Вроде бы всё шло замечательно. Многое уже было сказано, станцовано… выдохнуто друг дружке в лицо на лестнице, куда они украдкой выбрались «покурить без свидетелей»… И уже язык помнил этот неопределённо фруктовый привкус её бабл-гама. Но дальше-то что?
– Может, прогуляемся?
– Давай!
На улице было свежо и стрёмно, как бывает только на исходе марта. Судорожным усилием подавив совершенно неуместную в данной ситуации зевоту, Герка взял Диану за руку. Она удивлённо взглянула на него, но ничего не сказала – и руки не отняла. Где-то еле слышно мяукнула кошка, и этот жалобный звук прозвучал в тишине невнятным напутствием.
– А куда мы так бежим? Ты что, тоже домой торопишься? Может, пройдёмся чуть-чуть? До собора Вознесения, а? – и потом уже к метро… На меня иногда находит такой стих: немножко побродить, – я вообще немного странная, да?.. Послушай, как тихо! Вон он… А хорошо тут, скажи? – когда ни прохожу рядом, всегда безлюдно. Прямо как на кладбище. Можно подумать, он и не нужен никому, собор-то, – для кого только отстраивали!
Храм нависал над районом, словно Везувий над… э, как они правильно склоняются-то? – ладно, над Помпеями. Сходство довершало залихватское перистое облачко, бледным мазком выделяющееся на фоне ночного неба, – косо висящее над крестом центрального купола, словно дымок, выползший из кратера. Фонари почему-то не горели, да и на улице… ни души. Нет, ну надо же… Будто корабль, покинутый всеми. Оставленный, как… как надежда.
– Ты смотри… До чего крут! – уму непостижимо…
– Да уж…
Храм царил в обступающей со всех сторон бесприютности. Вблизи он казался ещё более навороченным, чем издали. Мгновенно возникающая ассоциация – каменный торт.
Неизвестно кем приготовленный для гурмана по имени Время, бесплотного и безликого, однако – ненасытного любителя всё пробовать на зуб! – и, соответственно, проверять на прочность… Для самого почётного гостя на пиру – который, впрочем, кажется, уже и сбежал: стыдливо самоустранился, побоявшись обломать зубы об эту материализованную вечность…
Хотя – почему же «неизвестно кем»!
[…архитектор не делает никакого секрета из своих намерений, весь он перед нами как на ладони! «Я, – читаем в его дневнике, – всеми силами сердца моего жаждал, чтобы постройка сия всего люда земли Русской чаяниям всецело соответствовала – да и животворящий Крест святой веры, жребий нести который нашему государству самим Богом назначен, на доселе недосягаемую высоту возносила. Но и слабой душе человеческой, во всяком бренном теле сущей, страждущей и в минуты славы торжествующей, достойное воплощение в прочном камне найти надлежит».

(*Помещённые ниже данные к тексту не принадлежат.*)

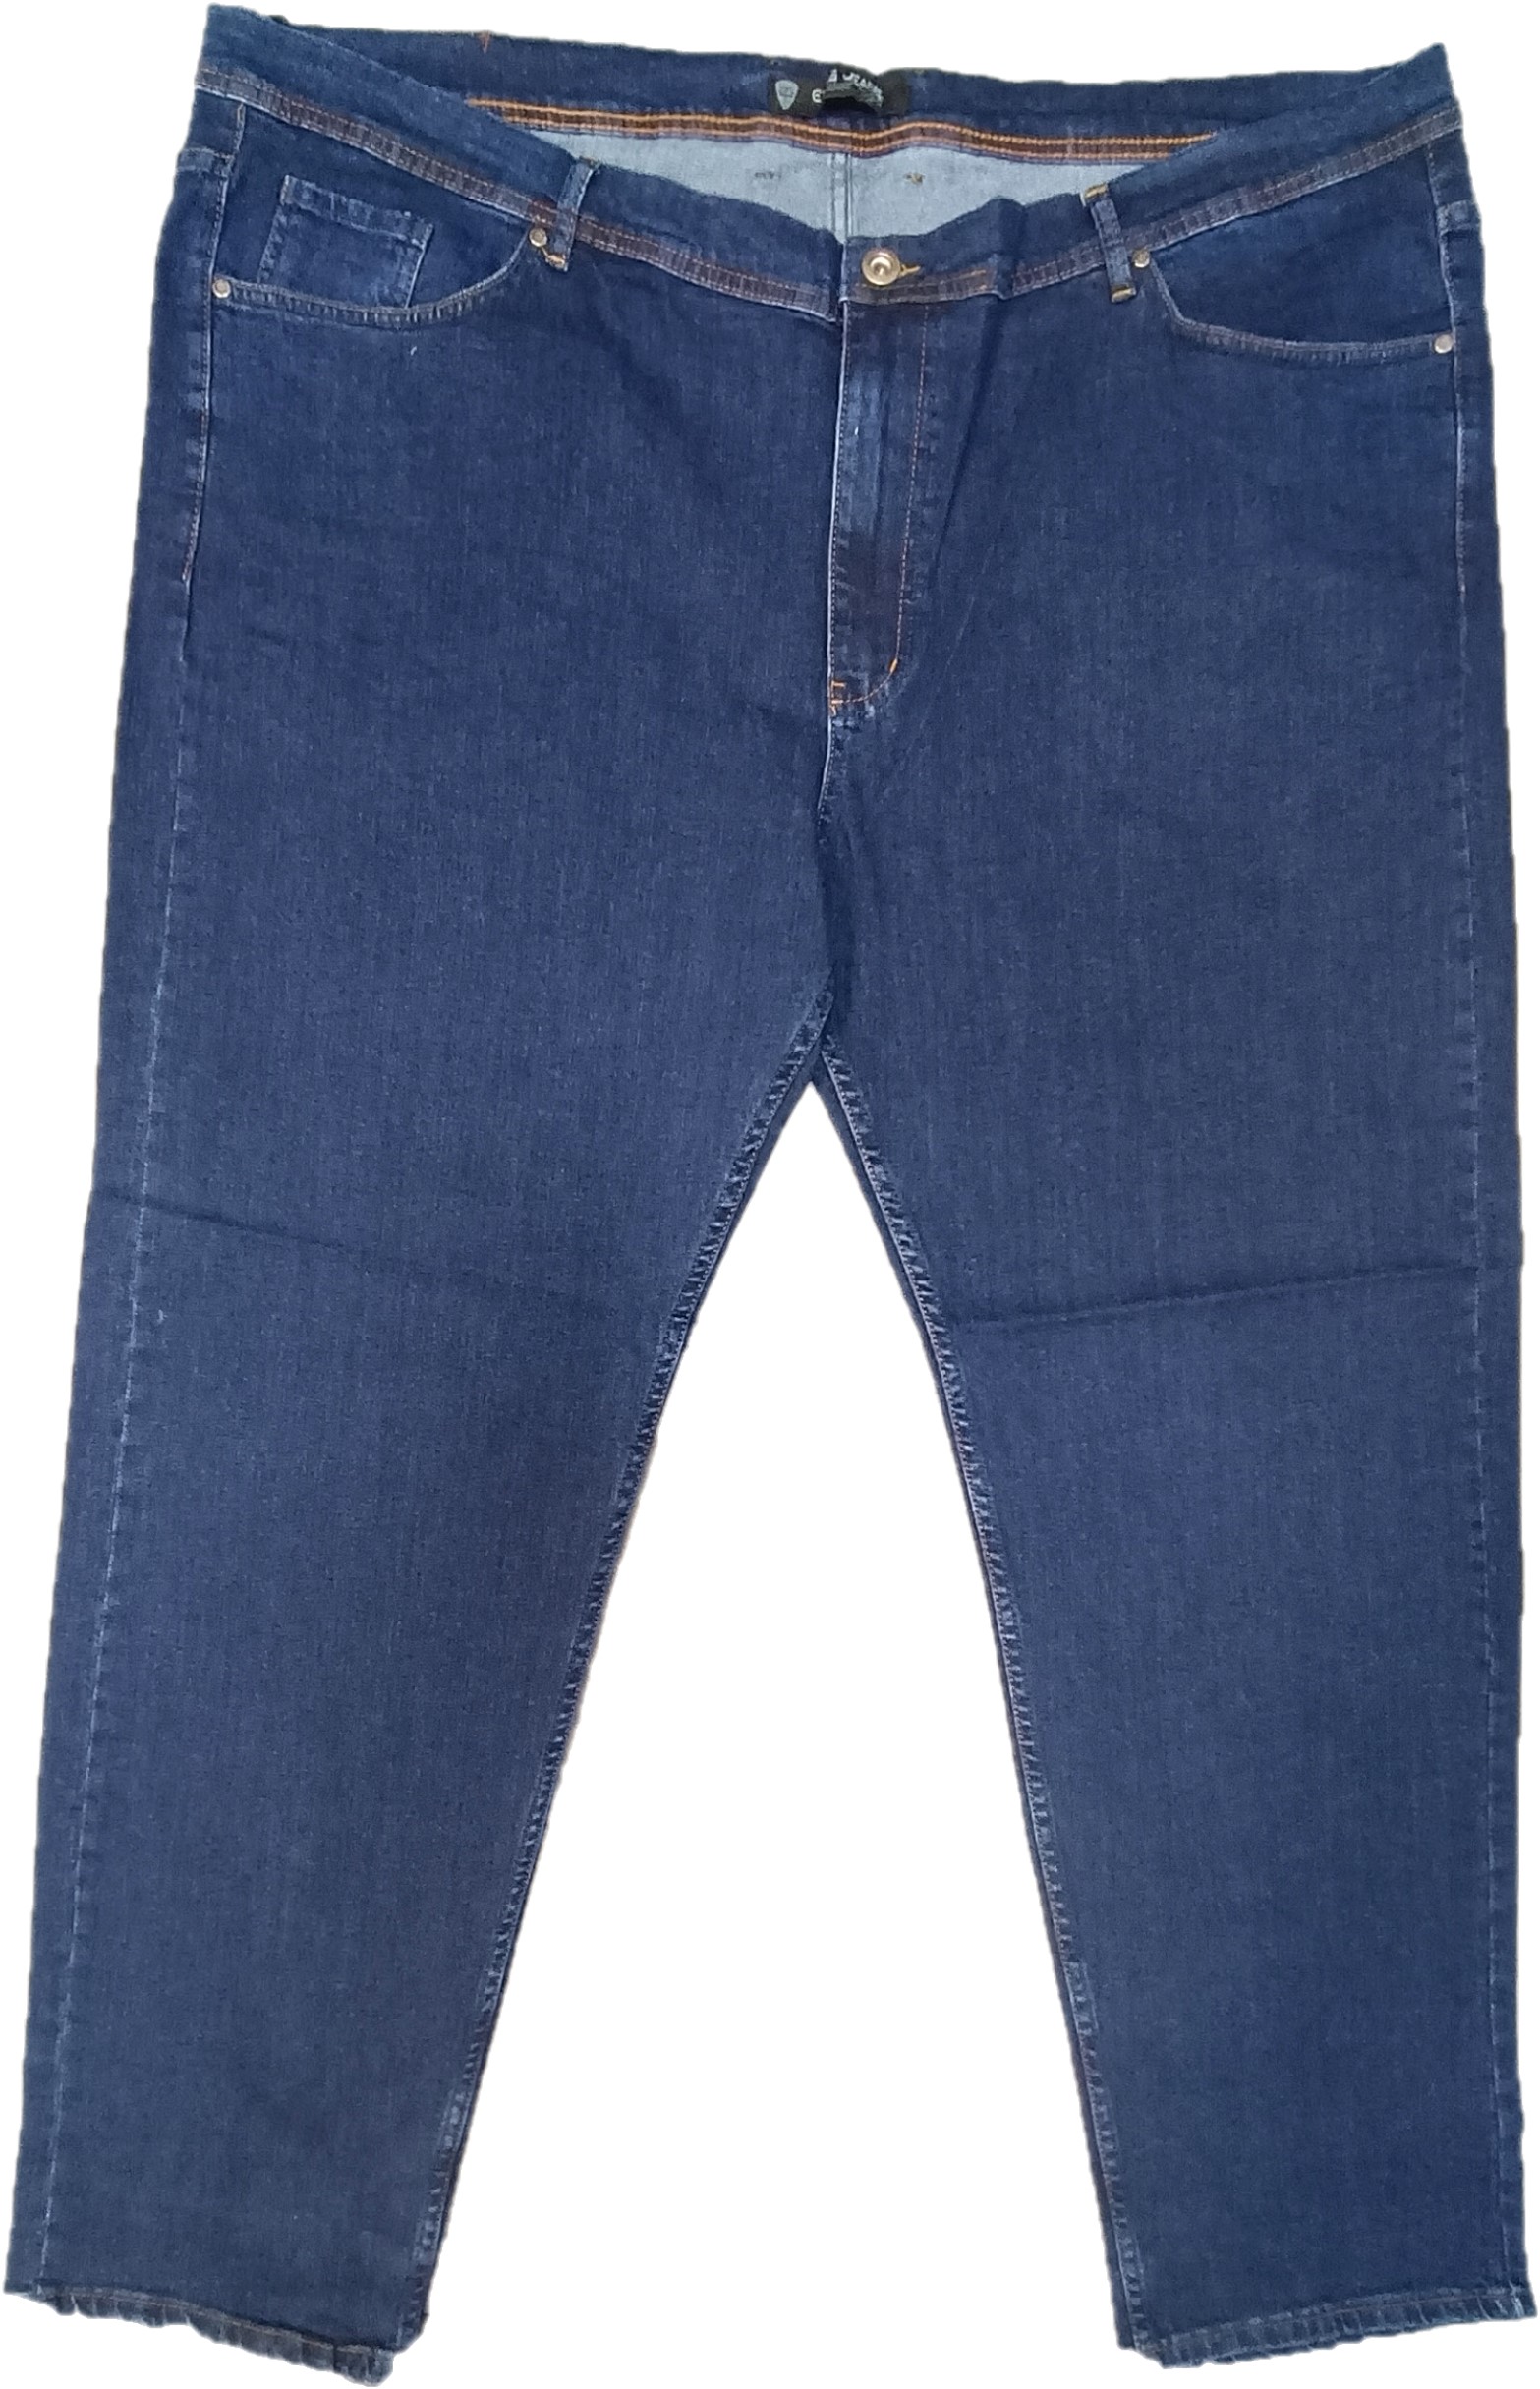 Джинсы мужские Epos Jeans 680055 синие 68 RU

Поставив перед собой столь же расплывчатые, сколь и ко многому обязывающие задачи, Г. М. Айзенштадт, не имеющий, положа руку на сердце, ни малейшего представления о технической стороне строительства, торопился восполнить пробелы в своём образовании, но инженерное ремесло давалось туго…]
Подошли к центральной апсиде. В темноте массивные двери кажутся элементами декора, безо всякого толку налепленными на стены. Выудив из кармана связку ключей, Герка посветил фонариком-брелоком, и тёмный металл заблистал, словно свежая кровь неведомой жертвы… очередной жертвы. Или, скорее, нефть холодным потом выступила на литье? Да, так показалось…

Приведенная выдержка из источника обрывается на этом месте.